Meena’s ancestors had settled in the mercantile country of Bog. Apparently, Meena’s great grandfather was something of a financial genius, and he had great success selling produce in bulk. As a result, their clan lived a peaceful and rich life.

“So you come from a proper house, eh?” said Kee Keema, quite impressed. Meena laughed shyly, but her smile soon disappeared. A look of sorrow crept into her eyes as she thought back upon her distant past.

“It happened during the summer when I was seven. We were living in a small house—me, my grandparents, and my parents, just the five of us—by the lake, a short distance from town. One night, we were attacked…”

Meena explained that she was too young to remember the details precisely. She only knew she had been awoken suddenly by her mother in the middle of the night and made to hide under the bed. She was not to move until her mother or father called for her, even should she hear her name. Her mother’s face was stern, and, Meena realized, very frightened.
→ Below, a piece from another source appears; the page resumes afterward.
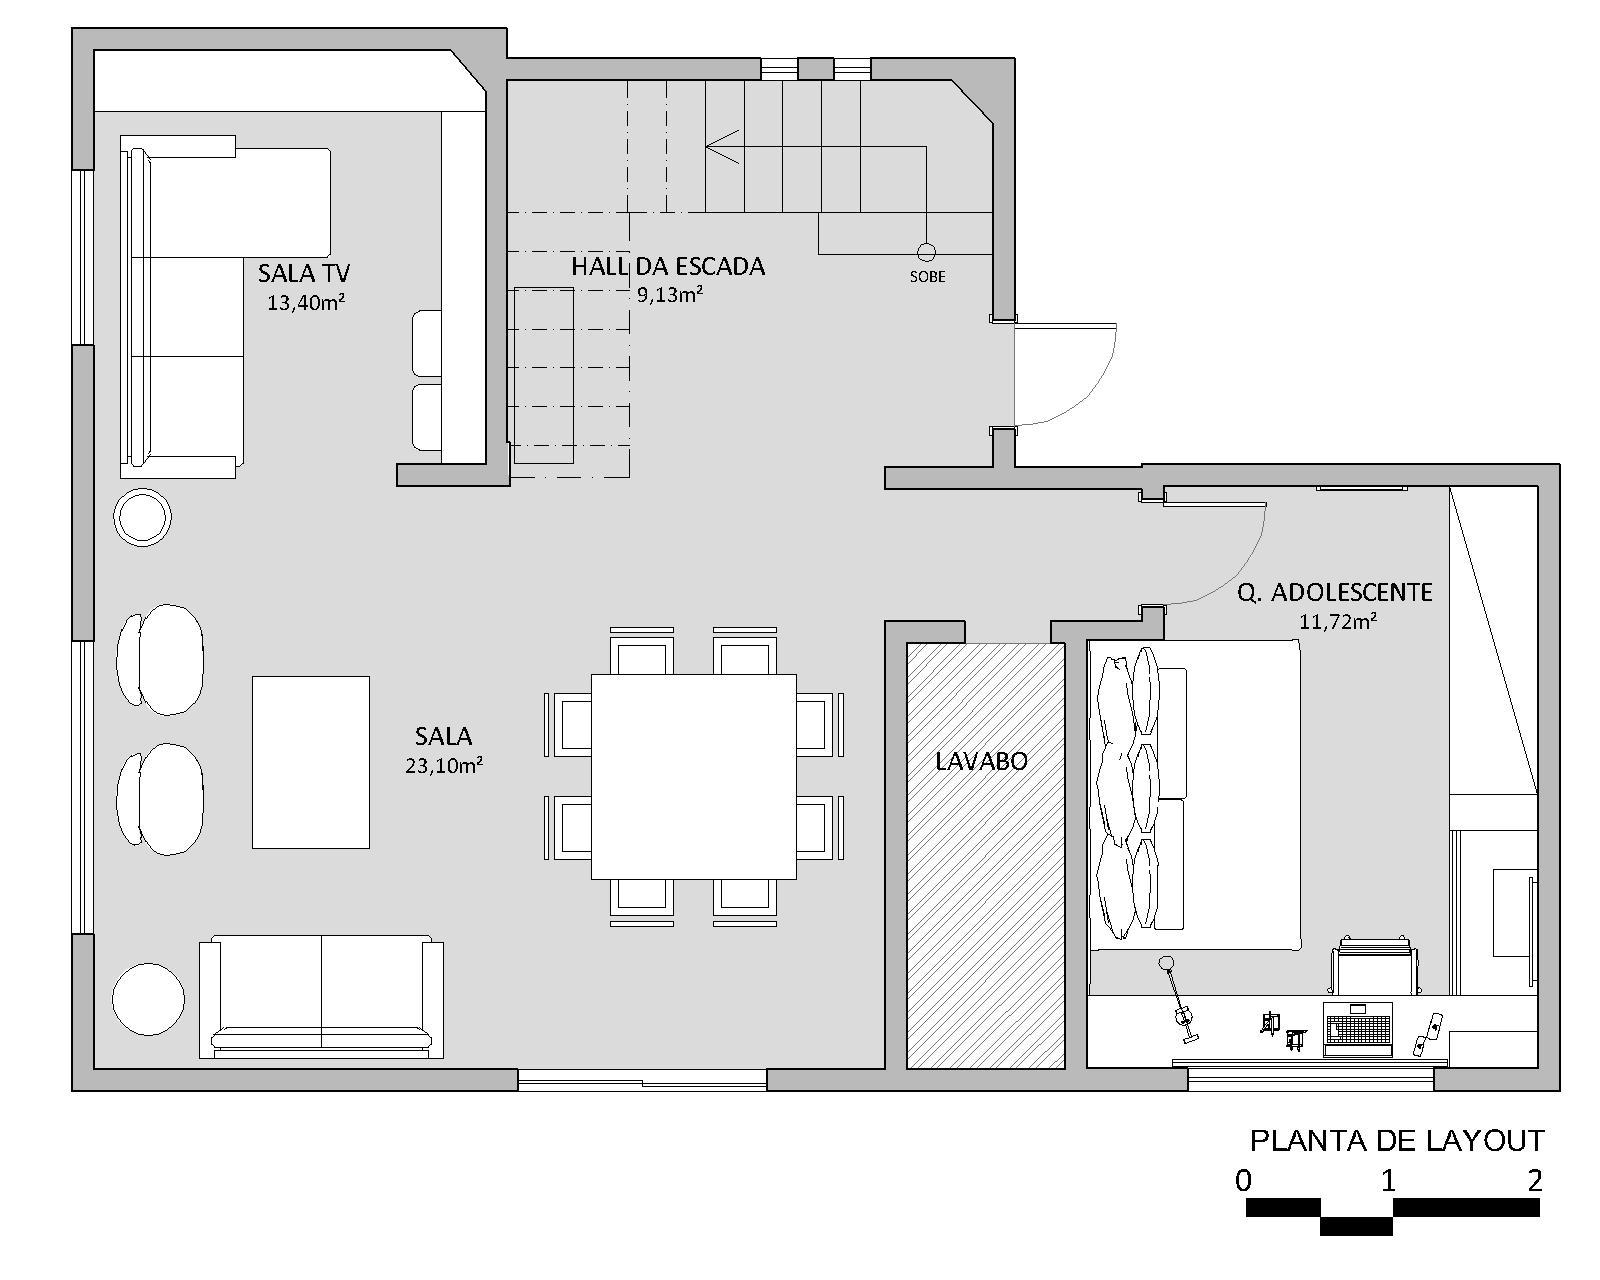 RFB_EP_Planta de layout Geral

“That’s when she gave me this,” Meena said, touching the Mirror of Truth at her neck. “She told me to take it with me, and to treasure it always. She said it was my good-luck charm. I begged her to let me stay with her, but she refused and left me alone under the bed.”

The young Meena had done as she was told. She heard footsteps, great thudding footsteps, all through the large house. She also heard people shouting, and even a scream. She was so frightened she thought she might cry out loud, but she held back her tears. She made herself as small and invisible as she could.
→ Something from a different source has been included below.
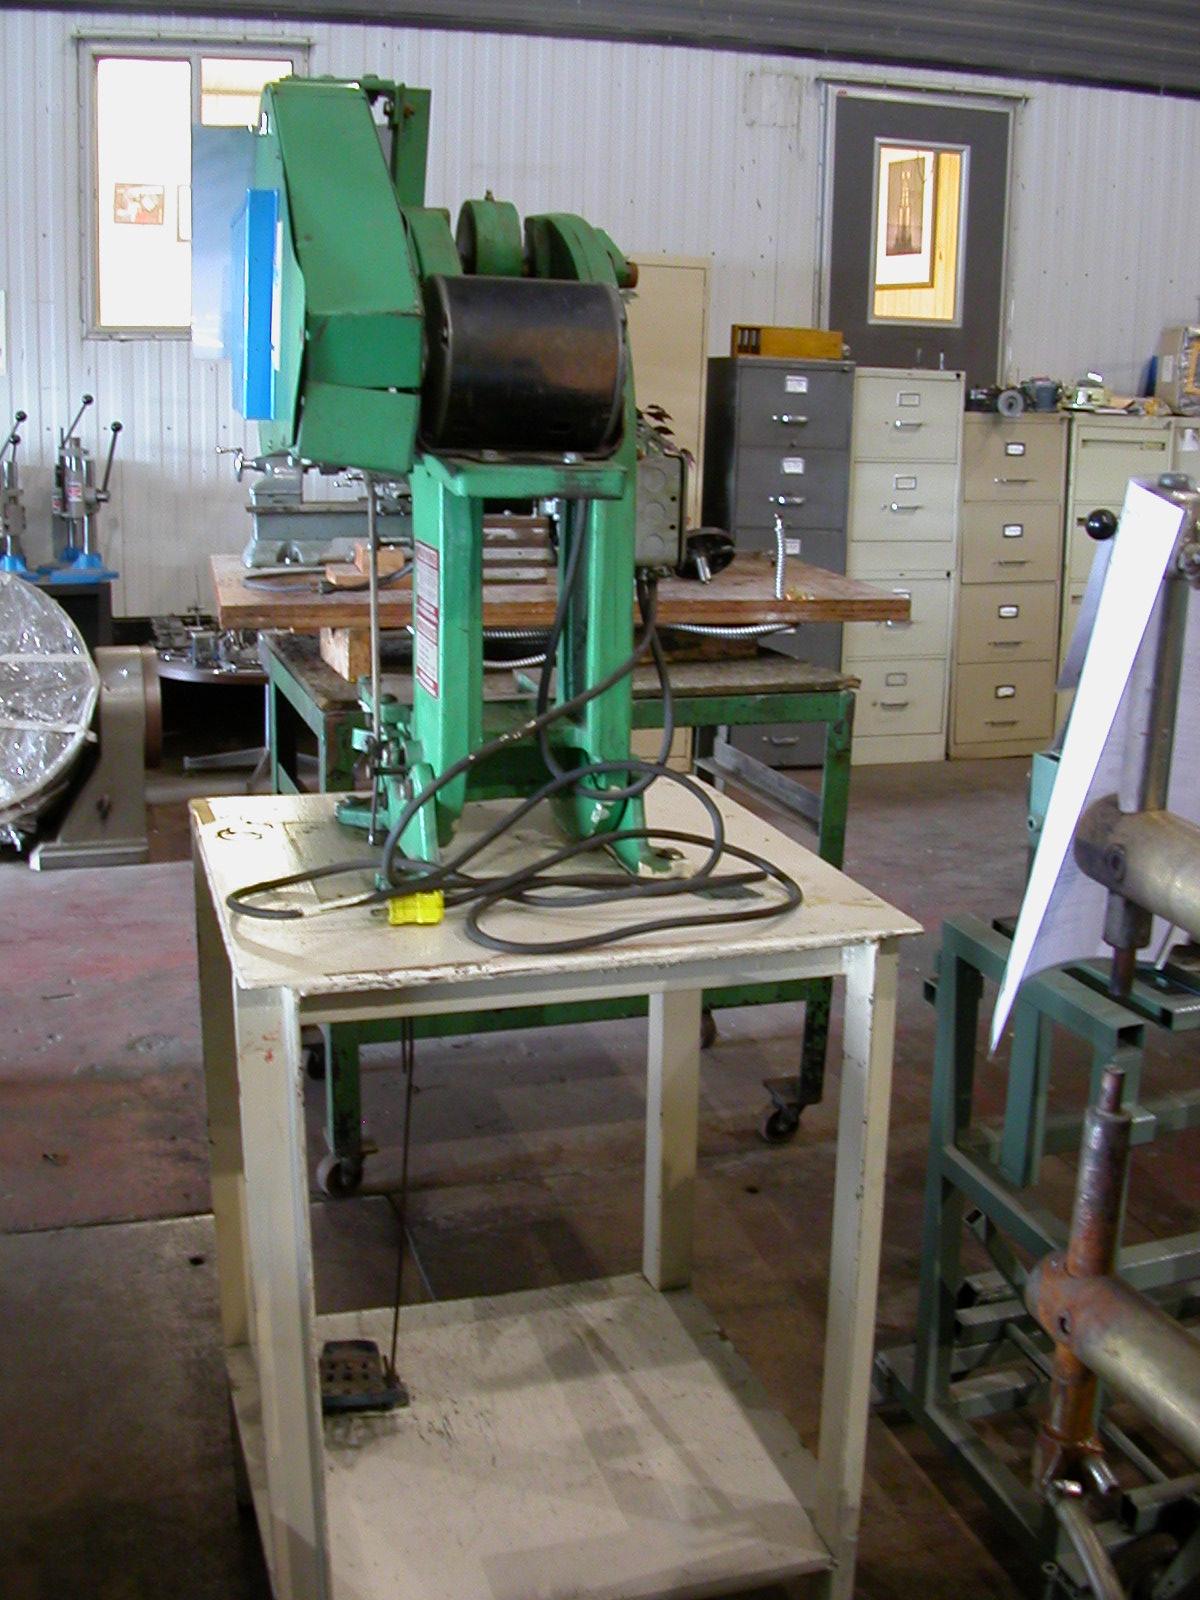 187 5 Ton Benchmaster Model 152 Mechanical Obi Punch Press

Wataru remembered how he had curled up under his bed when his mother had attacked that woman—his father’s lover—on the balcony. The situation was completely different, of course. Wataru had been running from a fight—there was no threat to his own life. Yet he thought he could imagine something of what Meena must have felt that night.

“Just then I heard three or four people running through the house,” Meena continued in a small voice. “It sounded like they were looking for something. They were all men, and they talked to each other in loud voices. I became even more frightened and held my breath, and hid under the bed and did not move.”

Unable to find whatever they were looking for, the intruders began breaking things and flipping over furniture. Still, Meena stayed in her hiding spot. She smelled smoke.